The more Regions a resolved-ts batch contains, the more times handleResolvedTs(...) runs, and with advance-interval-in-ms=0 it can trigger a huge number of btree traversals → processing can’t keep up with incoming rate → dynstream pending grows steadily.
When pending usage crosses 80%, puller memory control triggers PauseArea (see thresholds in ShouldPauseArea).
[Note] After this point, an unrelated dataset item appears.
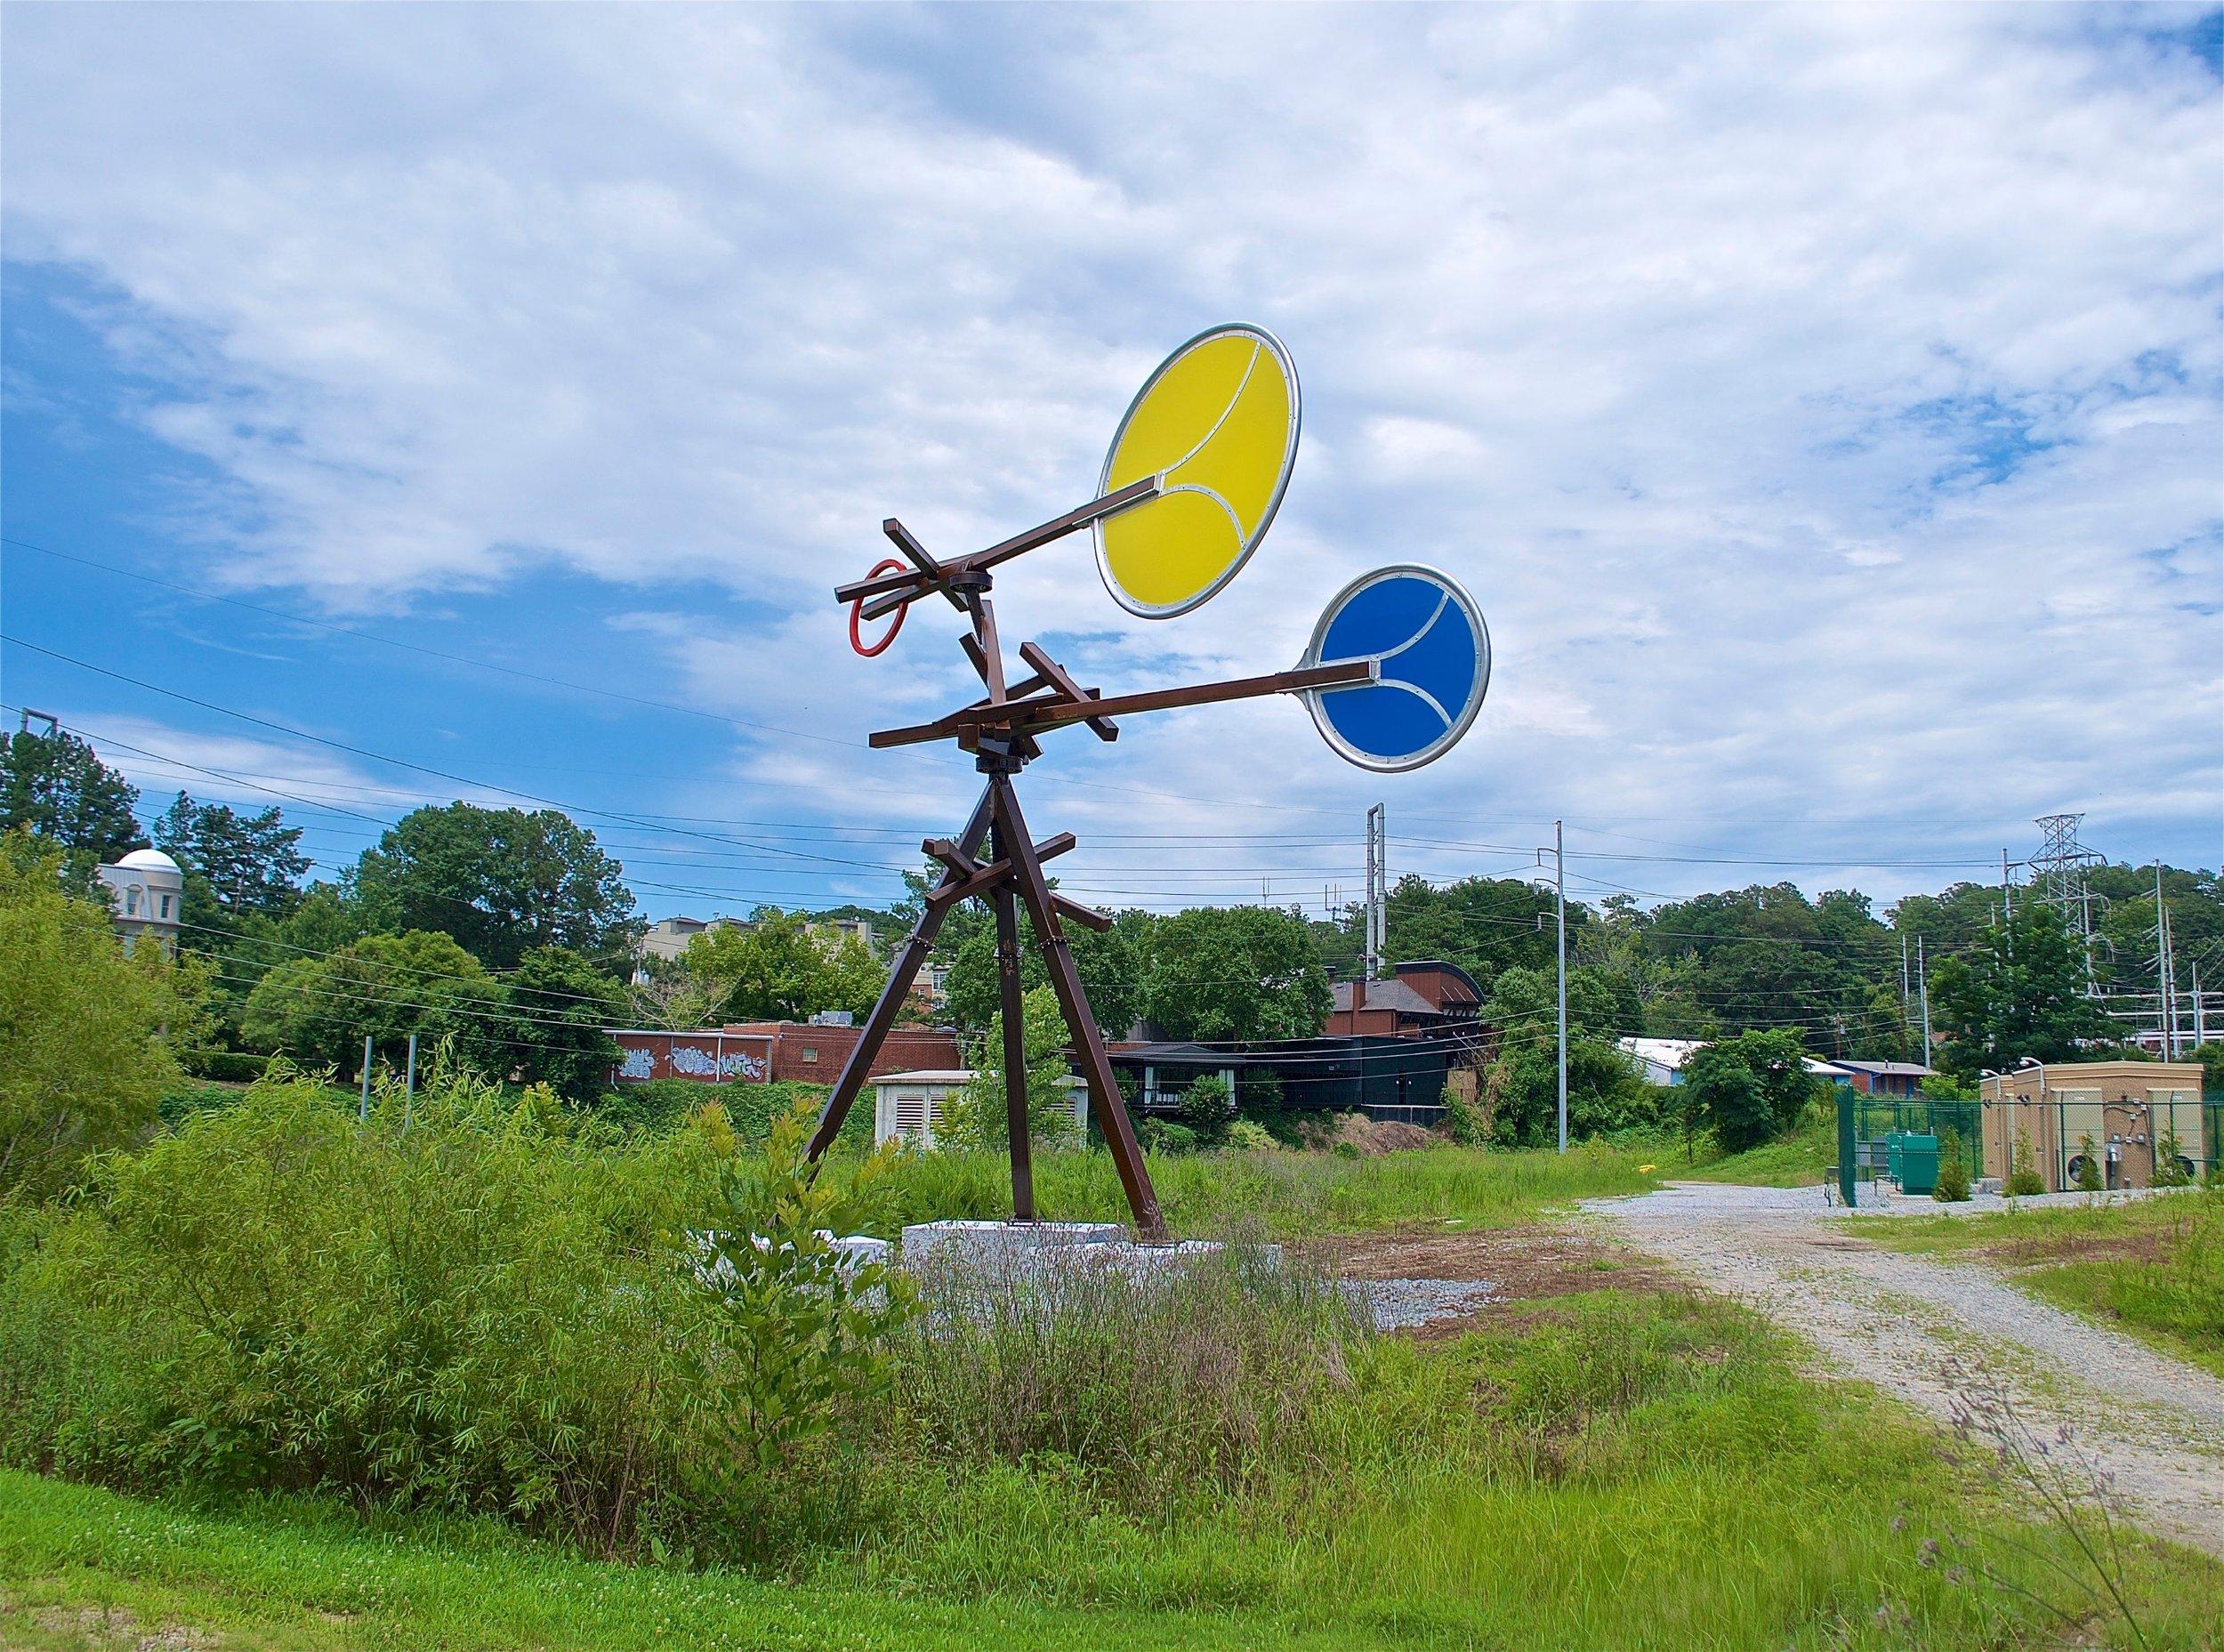 Solar Wind | 2017 | Art on the Atlanta Beltline (Continuing exhibition)

The subscription client sets paused=true and blocks upstream push in pushRegionEventToDS until Resume → the gRPC receive/dispatch chain is effectively stalled → backpressure propagates upstream to TiKV and the blast radius can expand.

5.3 Visualization

flowchart TB
  subgraph TiKV["TiKV"]
    tikv_resolved["CDC stream send<br/>ResolvedTs batch (many Regions)"]
  end

  subgraph TiCDC["TiCDC (log puller / dynstream)"]
    recv["regionRequestWorker.Recv<br/>receiveAndDispatchChangeEvents"]
    pack["dispatchResolvedTsEvent<br/>regionEvent{resolvedTs, states[]}"]
    ds["dynstream pending (1GB max)<br/>MemoryControlForPuller"]
    handler["regionEventHandler.Handle<br/>for state in states: handleResolvedTs"]
    mincalc["RangeLock global min<br/>GetHeapMinTs / rangeTsMap.getMinTs"]
    pause["PauseArea (>=80%)<br/>ResumeArea (<50%)"]
    blocked["subscriptionClient.paused=true<br/>pushRegionEventToDS blocks"]
  end

  tikv_resolved --> recv --> pack --> ds --> handler --> mincalc

  mincalc -.->|too slow| handler
  handler -.->|can’t keep up| ds
  ds -.->|pending grows| pause -.-> blocked -.-> recv
  recv -.->|gRPC backpressure| tikv_resolved

5.4 Why it “doesn’t recover” quickly after Pause

Even after Pause, it may stay stuck for a long time because:

Lower resume threshold (hysteresis): Pause triggers at >= 0.8, but Resume requires < 0.5, so you must drain a large portion of backlog.
Backlog is huge and draining is still slow: even if input stops, the accumulated resolved-ts events still need to be processed one by one; if advancement is still expensive, draining is very slow.
Potential blocking paths: when the handler enters await mode (waiting for downstream callbacks), dynstream marks the path as blocking. A blocking path won’t be popped, so memory may never drop below the Resume threshold.

5.5 How #4088 fixes it

PR #4088 makes the hot path lighter via “default throttling + logic split”:

Default advance-interval-in-ms=100, so global min calculation and advancement happen at most once per 100ms instead of on every resolved-ts event.
When advanceInterval > 0, handleResolvedTs avoids maintaining/updating min-state for every event and concentrates heavier work only at the throttled advancement point.